Parija Subhash C, Khairnar Krishna
Department of Microbiology, Jawaharlal Institute of Postgraduate Medical Education and Research, Puducherry, India.
BMC Microbiol. 2007 May 18;7:41. doi: 10.1186/1471-2180-7-41.
Amoebic liver abscess (ALA) and pyogenic liver abscesses (PLA) appear identical by ultrasound and other imaging techniques. Collection of blood or liver abscess pus for diagnosis of liver abscesses is an invasive procedure, and the procedure requires technical expertise and disposable syringes. Collection of urine is a noninvasive procedure. Therefore, there has been much interest shown towards the use of urine as an alternative clinical specimen for the diagnosis of some parasitic infections. Here, we report for the first time the detection of E. histolytica DNA excreted in the urine for diagnosis of the cases of ALA.

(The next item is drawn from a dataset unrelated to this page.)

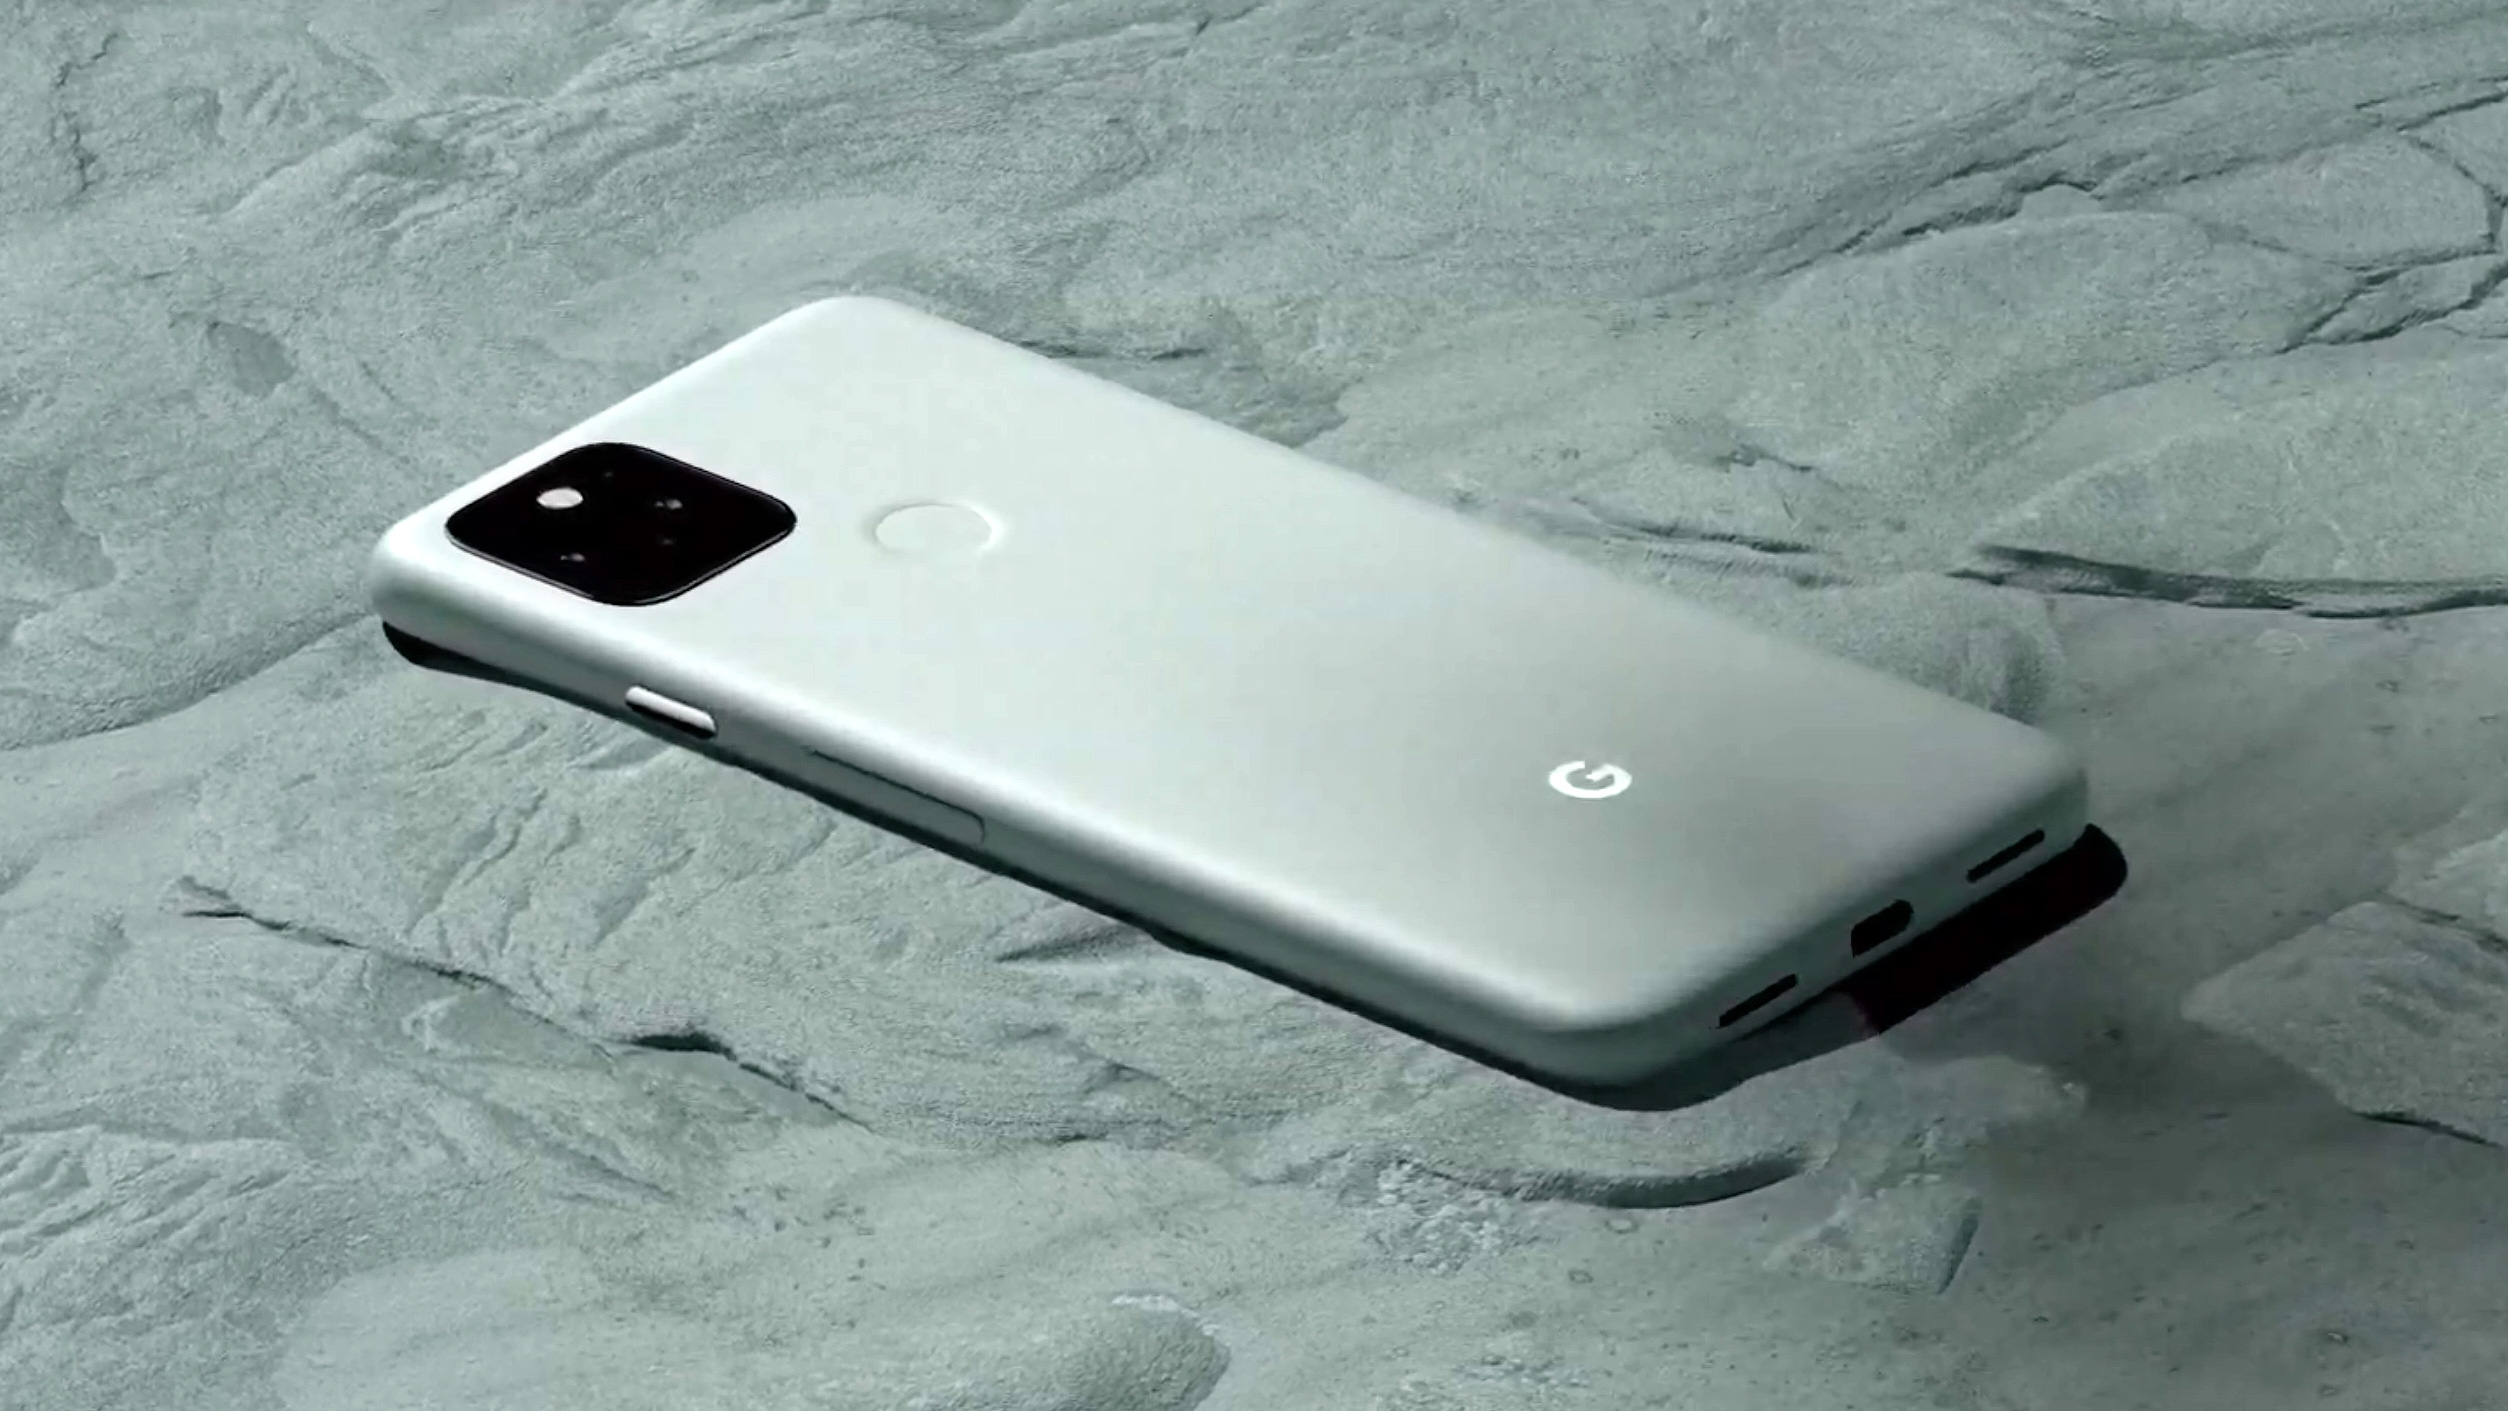 Google Pixel 5 vs. Pixel 4a 5G: What's different? | Tom's Guide

E. histolytica DNA was detected in liver abscess pus specimen of 80.4% of ALA patients by a nested multiplex polymerase chain reaction (PCR) targeting 16S-like r RNA gene. The nested PCR detected E. histolytica DNA in all 37 (100%) liver abscess pus specimens collected prior to metronidazole treatment, but were detected in only 53 of 75 (70.6%) pus specimens collected after therapy with metronidazole. Similarly, the PCR detected E. histolytica DNA in 21 of 53 (39.6%) urine specimens of ALA patients. The test detected E. histolytica DNA in only 4 of 23 (17.4%) urine specimens collected prior to metronidazole treatment, but were detected in 17 of 30 (56.7%) urine specimens collected after treatment with metronidazole. The enzyme-linked immunosorbent assay (ELISA) for the detection of lectin E. histolytica antigen in the liver abscess pus showed a sensitivity of 50% and the indirect haemagglutination (IHA) test for detection of amoebic antibodies in the serum showed a sensitivity of 76.8% for the diagnosis of the ALA.
The present study for the first time shows that the kidney barrier in ALA patients is permeable to E. histolytica DNA molecule resulting in excretion of E. histolytica DNA in urine which can be detected by PCR. The study also shows that the PCR for detection of E. histolytica DNA in urine of patients with ALA can also be used as a prognostic marker to assess the course of the diseases following therapy by metronidazole. The detection of E. histolytica DNA in urine specimen of ALA patients provides a new approach for the diagnosis of ALA.
通过超声和其他成像技术,阿米巴肝脓肿(ALA)和化脓性肝脓肿(PLA)看起来相同。采集血液或肝脓肿脓液用于诊断肝脓肿是一种侵入性操作,该操作需要专业技术和一次性注射器。采集尿液则是一种非侵入性操作。因此,人们对将尿液用作诊断某些寄生虫感染的替代临床标本表现出了浓厚兴趣。在此,我们首次报告了通过检测尿液中排泄的溶组织内阿米巴DNA来诊断ALA病例。
通过针对16S样rRNA基因的巢式多重聚合酶链反应(PCR),在80.4%的ALA患者的肝脓肿脓液标本中检测到了溶组织内阿米巴DNA。巢式PCR在所有37份(100%)在甲硝唑治疗前采集的肝脓肿脓液标本中检测到了溶组织内阿米巴DNA,但在甲硝唑治疗后采集的75份脓液标本中仅在53份(70.6%)中检测到。同样,PCR在53份ALA患者的尿液标本中的21份(39.6%)中检测到了溶组织内阿米巴DNA。该检测在甲硝唑治疗前采集的23份尿液标本中仅在4份(17.4%)中检测到溶组织内阿米巴DNA,但在甲硝唑治疗后采集的30份尿液标本中的I7份(56.7%)中检测到。用于检测肝脓肿脓液中溶组织内阿米巴凝集素抗原的酶联免疫吸附测定(ELISA)显示敏感性为50%,用于检测血清中阿米巴抗体的间接血凝试验(IHA)对ALA诊断的敏感性为76.8%。
本研究首次表明,ALA患者的肾脏屏障对溶组织内阿米巴DNA分子具有通透性,导致尿液中排泄溶组织内阿米巴DNA,可通过PCR检测到。该研究还表明,检测ALA患者尿液中溶组织内阿米巴DNA的PCR也可作为一种预后标志物,用于评估甲硝唑治疗后疾病的进程。检测ALA患者尿液标本中的溶组织内阿米巴DNA为ALA的诊断提供了一种新方法。